◆ Exercise directions: Would you restate word for word the lines of the listing, beginning at the first and ending with the line that holds "Bitcoin Moves Strongly, More"?

+++

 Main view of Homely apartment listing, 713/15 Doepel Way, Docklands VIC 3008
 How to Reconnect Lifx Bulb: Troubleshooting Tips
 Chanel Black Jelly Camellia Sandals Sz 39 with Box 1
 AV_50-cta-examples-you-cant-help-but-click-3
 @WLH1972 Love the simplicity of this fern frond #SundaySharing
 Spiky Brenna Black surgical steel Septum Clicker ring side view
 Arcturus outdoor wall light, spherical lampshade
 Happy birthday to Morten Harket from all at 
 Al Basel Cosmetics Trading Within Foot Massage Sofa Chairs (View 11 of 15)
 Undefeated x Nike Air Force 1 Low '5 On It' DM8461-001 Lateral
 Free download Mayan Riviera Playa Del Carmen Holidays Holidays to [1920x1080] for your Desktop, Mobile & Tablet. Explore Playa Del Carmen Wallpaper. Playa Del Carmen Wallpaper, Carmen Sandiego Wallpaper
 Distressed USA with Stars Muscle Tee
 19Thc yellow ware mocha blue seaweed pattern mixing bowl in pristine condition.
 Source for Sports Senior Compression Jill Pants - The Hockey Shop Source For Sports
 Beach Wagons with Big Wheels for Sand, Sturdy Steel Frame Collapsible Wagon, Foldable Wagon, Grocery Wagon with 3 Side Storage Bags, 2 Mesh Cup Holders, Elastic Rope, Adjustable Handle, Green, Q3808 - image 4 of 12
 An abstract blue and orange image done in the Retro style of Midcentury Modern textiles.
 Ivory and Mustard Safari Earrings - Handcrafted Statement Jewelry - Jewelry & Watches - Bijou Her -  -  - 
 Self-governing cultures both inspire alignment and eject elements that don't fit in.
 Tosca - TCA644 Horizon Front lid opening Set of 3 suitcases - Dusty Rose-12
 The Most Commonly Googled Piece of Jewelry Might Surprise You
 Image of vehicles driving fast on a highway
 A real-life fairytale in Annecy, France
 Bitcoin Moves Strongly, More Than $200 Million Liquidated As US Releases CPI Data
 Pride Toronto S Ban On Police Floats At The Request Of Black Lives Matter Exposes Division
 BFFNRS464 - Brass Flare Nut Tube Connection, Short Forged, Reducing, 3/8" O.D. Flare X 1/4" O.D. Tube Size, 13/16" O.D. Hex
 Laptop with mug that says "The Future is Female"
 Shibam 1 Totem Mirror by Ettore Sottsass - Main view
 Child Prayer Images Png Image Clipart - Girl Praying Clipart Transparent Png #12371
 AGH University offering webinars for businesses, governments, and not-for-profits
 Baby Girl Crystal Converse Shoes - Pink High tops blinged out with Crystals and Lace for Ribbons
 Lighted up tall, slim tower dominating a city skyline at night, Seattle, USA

+++

◆ Answer box:
 Main view of Homely apartment listing, 713/15 Doepel Way, Docklands VIC 3008
 How to Reconnect Lifx Bulb: Troubleshooting Tips
 Chanel Black Jelly Camellia Sandals Sz 39 with Box 1
 AV_50-cta-examples-you-cant-help-but-click-3
 @WLH1972 Love the simplicity of this fern frond #SundaySharing
 Spiky Brenna Black surgical steel Septum Clicker ring side view
 Arcturus outdoor wall light, spherical lampshade
 Happy birthday to Morten Harket from all at 
 Al Basel Cosmetics Trading Within Foot Massage Sofa Chairs (View 11 of 15)
 Undefeated x Nike Air Force 1 Low '5 On It' DM8461-001 Lateral
 Free download Mayan Riviera Playa Del Carmen Holidays Holidays to [1920x1080] for your Desktop, Mobile & Tablet. Explore Playa Del Carmen Wallpaper. Playa Del Carmen Wallpaper, Carmen Sandiego Wallpaper
 Distressed USA with Stars Muscle Tee
 19Thc yellow ware mocha blue seaweed pattern mixing bowl in pristine condition.
 Source for Sports Senior Compression Jill Pants - The Hockey Shop Source For Sports
 Beach Wagons with Big Wheels for Sand, Sturdy Steel Frame Collapsible Wagon, Foldable Wagon, Grocery Wagon with 3 Side Storage Bags, 2 Mesh Cup Holders, Elastic Rope, Adjustable Handle, Green, Q3808 - image 4 of 12
 An abstract blue and orange image done in the Retro style of Midcentury Modern textiles.
 Ivory and Mustard Safari Earrings - Handcrafted Statement Jewelry - Jewelry & Watches - Bijou Her -  -  - 
 Self-governing cultures both inspire alignment and eject elements that don't fit in.
 Tosca - TCA644 Horizon Front lid opening Set of 3 suitcases - Dusty Rose-12
 The Most Commonly Googled Piece of Jewelry Might Surprise You
 Image of vehicles driving fast on a highway
 A real-life fairytale in Annecy, France
 Bitcoin Moves Strongly, More Than $200 Million Liquidated As US Releases CPI Data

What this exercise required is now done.